Probablemente hubiese estado un tiempo agonizando. Si la hubieran degollado primero y hubiesen alcanzado la yugular, es posible que hubiera muerto rápidamente. Pero había perdido mucha sangre por las heridas del torso.
Escogí una foto y la metí en el bolsillo de mi camisa. No sabía muy bien para qué la quería, pero sabía que nadie la echaría de menos. Una vez conocí a un poli de oficina en la sección de Cobble Hill de Brooklyn que solía llevarse a casa una copia de cada foto horrible que pasaba por sus manos.

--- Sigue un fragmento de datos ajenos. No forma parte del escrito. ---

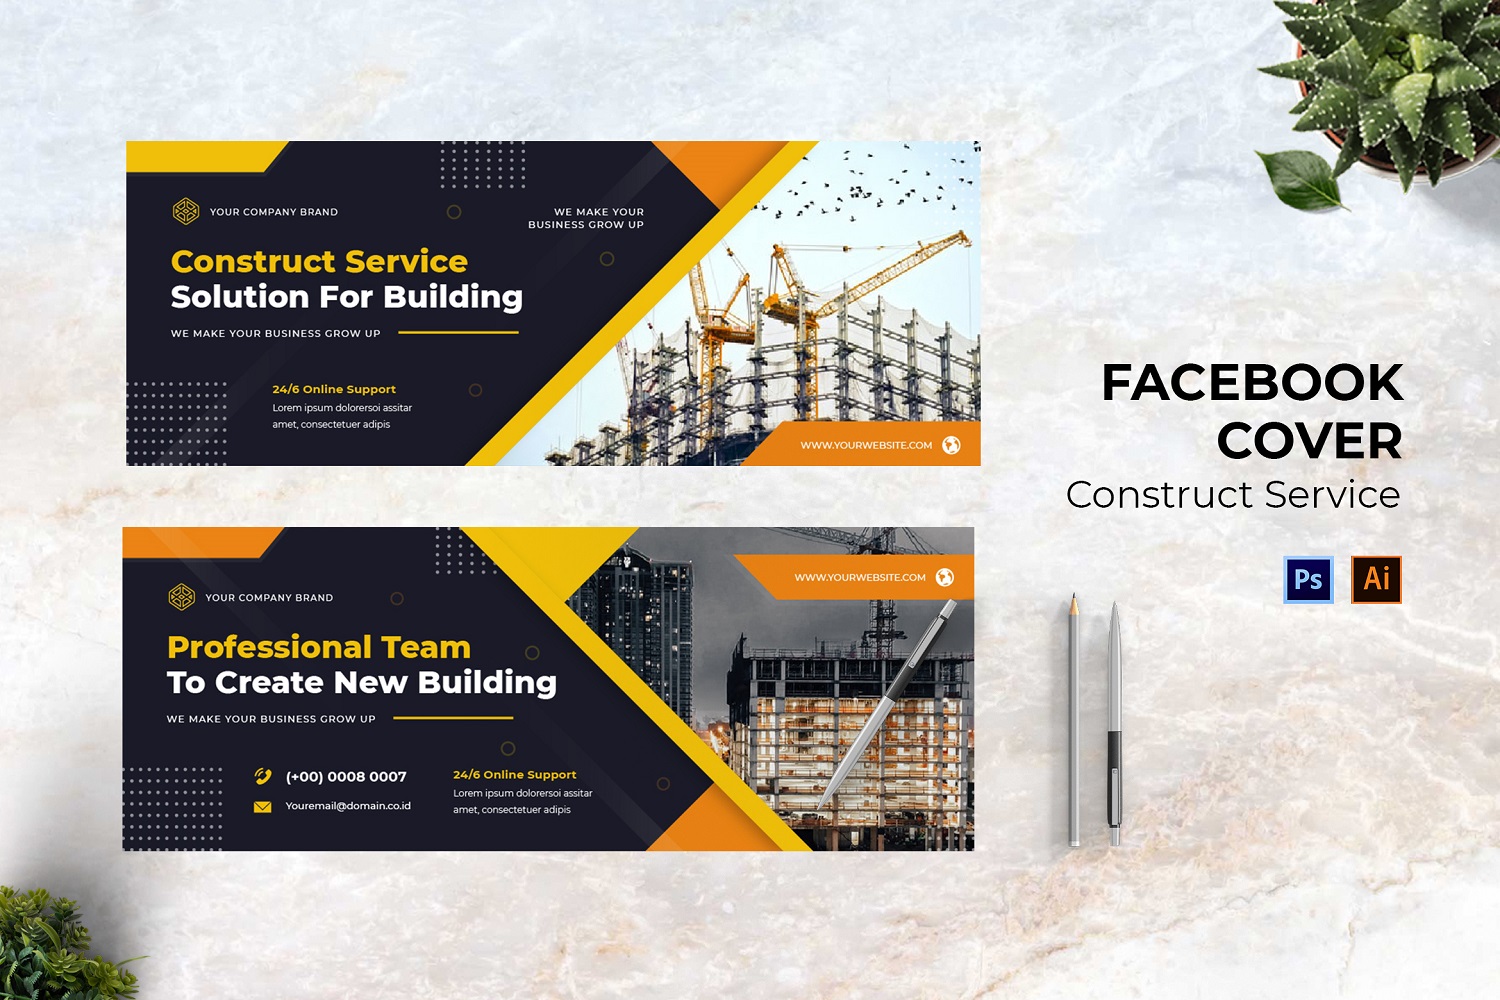 Construct Service Facebook Cover Social Media

Nunca pregunté por qué.
Volví a ponerlo todo en orden y coloqué en su sitio el sobre manila al tiempo que volvía a aparecer Koehler. Estaba fumándose otro puro. Salí de detrás de su mesa y me preguntó si estaba satisfecho.
– Todavía me gustaría hablar con Pankow.
– Ya lo he arreglado. Supuse que eras demasiado terco como para cambiar de idea. ¿Has encontrado alguna maldita cosa en todo ese desorden?
– ¿Cómo puedo saberlo? Ni siquiera sé qué es lo que estoy buscando. Tengo entendido que se prostituía. ¿Hay alguna prueba de eso?
– Nada en concreto. Pero si lo miras bien, resulta evidente. Un buen armario, doscientos pavos en el bolso, ningún medio visible de sustento. ¿Qué más podemos añadir?
– ¿Por qué estaba viviendo con Vanderpoel?
– Tenía una lengua de treinta centímetros.
– En serio. ¿Era su chulo?
– Es posible.
– Pero no tienes ficha de ninguno de los dos.
– No. No los arrestaron nunca. Para nosotros no existían oficialmente hasta que él decidió acuchillarla.
Cerré los ojos durante un minuto. Koehler pronunció mi nombre. Alcé la vista y dije:
– Me ha venido un pensamiento. Algo que has dicho antes sobre el momento de poner al corriente a Hanniford. Además, en cierto sentido es verdad lo que mencionaste. Si hubiera sido asesinada por una persona o personas desconocidas, habrías sometido los dos últimos años de su vida a un examen minucioso, los habrías pasado por un microscopio. Pero el caso se cerró antes de abrirlo y ahora ya no es tu trabajo hacer eso.
– Exacto. En cambio es el tuyo.
– Ajá. ¿Con qué la mató?
– El doctor dice que con una cuchilla. -Se encogió de hombros-. Una suposición tan buena como cualquier otra.
– ¿Y qué ha pasado con el arma homicida?
– Sí, ya me suponía que no se te escaparía. No la encontramos. Cualquiera sabe. Había una ventana abierta, pudo haberla lanzado por allí.
– ¿Qué había en el exterior de la ventana?
– Un pozo de ventilación.
– ¿Lo has inspeccionado?
– Ajá. Cualquiera pudo cogerla, cualquier chaval que pasara por allí.
– ¿Comprobaste si había manchas de sangre en el pozo de ventilación?
– ¿Estás bromeando? ¿Un pozo de ventilación del Village? La gente orina por las ventanas, lanzan tampones, basura y todo tipo de cosas. En nueve de cada diez pozos de ventilación encontrarás manchas de sangre. ¿Lo habrías inspeccionado tú? ¿Después de haber cogido al asesino?